Выбрать главу

– Эй, Прилепа! Вставай, наконец, хватит валяться! Перекуси чего-нибудь побыстрее, и берись за работу. Вот когда твоя работа настоящая пойдет. Помнишь, я тебе о ней еще в пути ночью рассказывал? 

Она не пошевелилась. Хотен послал пре себя строптивую ключницу к её покойной матушке и вернулся к своим записям. В своей первой попытке сбросить палатина Чабу с высоты убийца, закутавшись в плащ, изображал женщину. Следовательно, надо искать мужика среднего роста и достаточно стройного. Черт возьми! Они же, записанные, все такие – кроме конюшего Аверина, подозревать которого Хотен и без того отказался. А вот сие не в бровь, а в глаз: «ОБИДЕЛА ЛИ БАБА». И по части бабских сплетен подходит… И последнее. Тут уж никаких сомнений. «РОДИЧЪ ЛИ КАЗНЕNNЫХЪ». На первый случай должно хватить. Пора будить Прилепу, ну что ж это она творит…
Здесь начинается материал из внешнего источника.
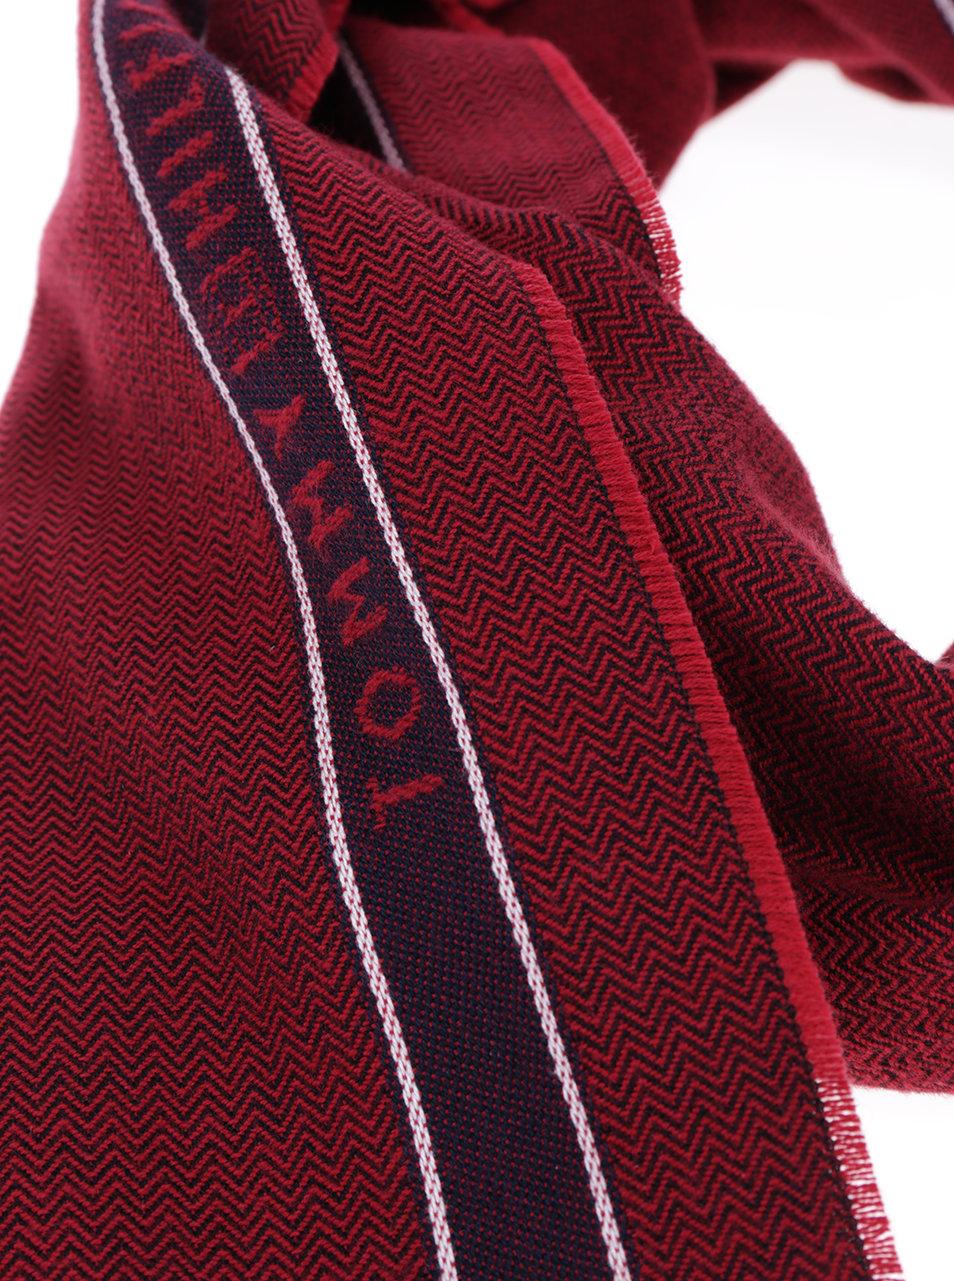 81f1833a79d Červená pánská šála Tommy Hilfiger Selvedge Herringbone ...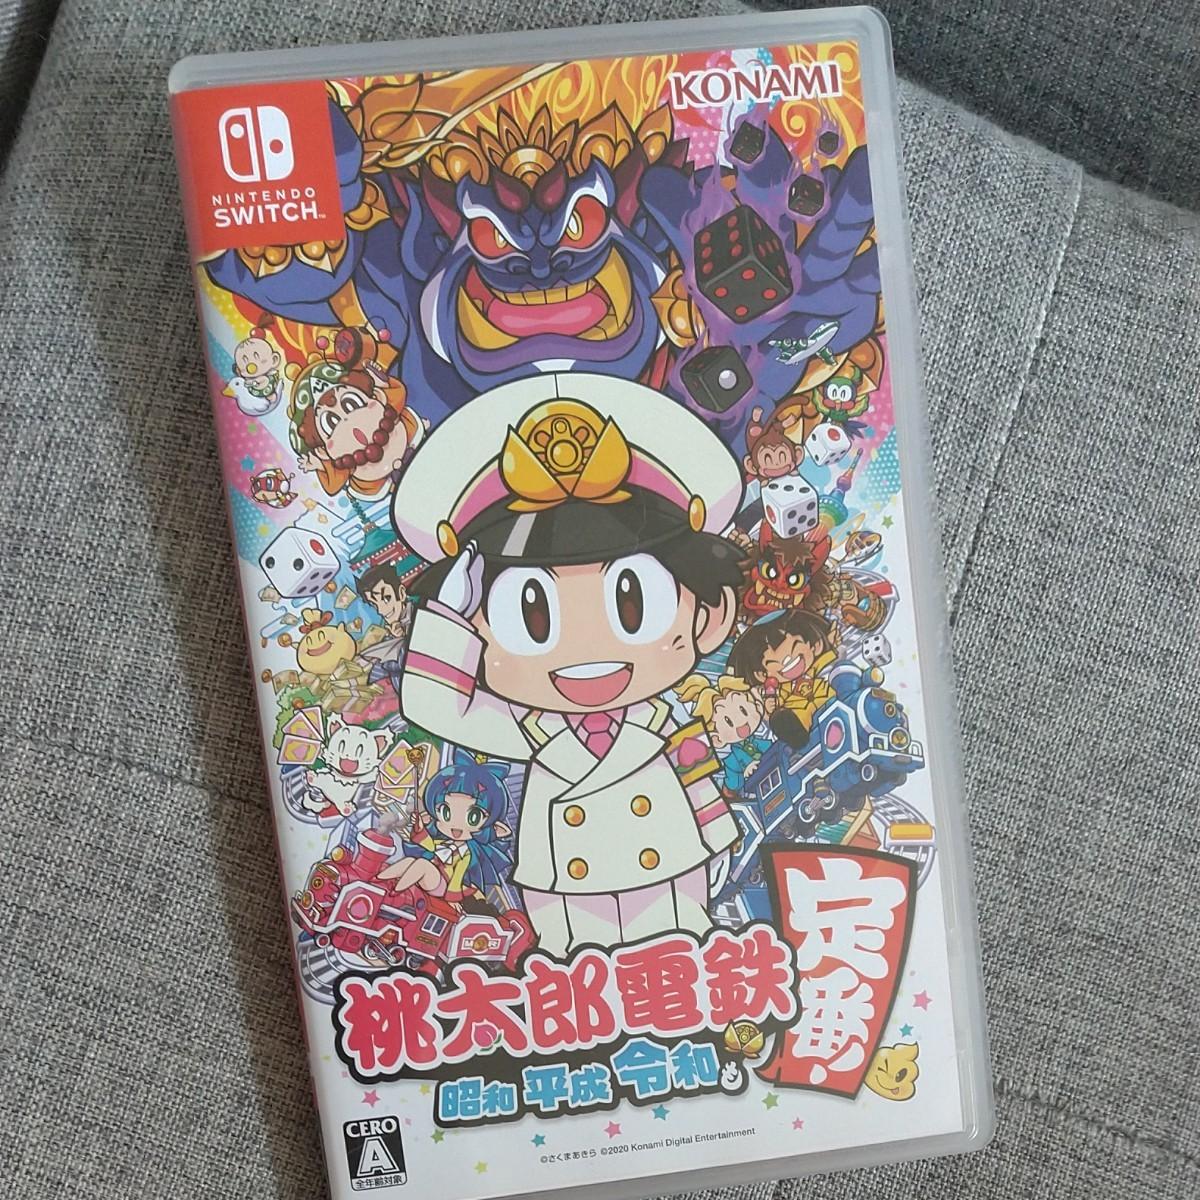 Nintendo Switch ニンテンドースイッチ 任天堂 桃太郎電鉄 ソフト

А вот и мужичок из поварни с завтраком. Одну только миску принес, а в ней каша пшенная да сверху ломти белого сыра. И никакого напитка. Пост у них начался, что ли? Слуга с уважением покосился на предметы для ученых занятий и поставил миску на самом краешке стола. Кивнул на спящую Прилепу – для неё, мол. Хотен, не успев обидеться – за себя, посла, и за государя своего великого князя Ростислава Мстиславовича, пожал плечами и решительно потянулся за ломтем сыра…

– Ты отчего замешкался, посол? Забыл, что милостивый наш король приказал тебе хлеба есть за его монаршим столом? – это Марко. Глаза красные, винный дух распространяет, торопливо дожевывает.

Хотен присвистнул, хлопнул себя по лбу, закрыл на защелку свой складень, положил его в ящик под столешницей, придвинув к левому краю, сверху бересту с именами. Потом прихватил чистой бересты за пазуху, а писало прищелкнул к поясу. Вроде готов.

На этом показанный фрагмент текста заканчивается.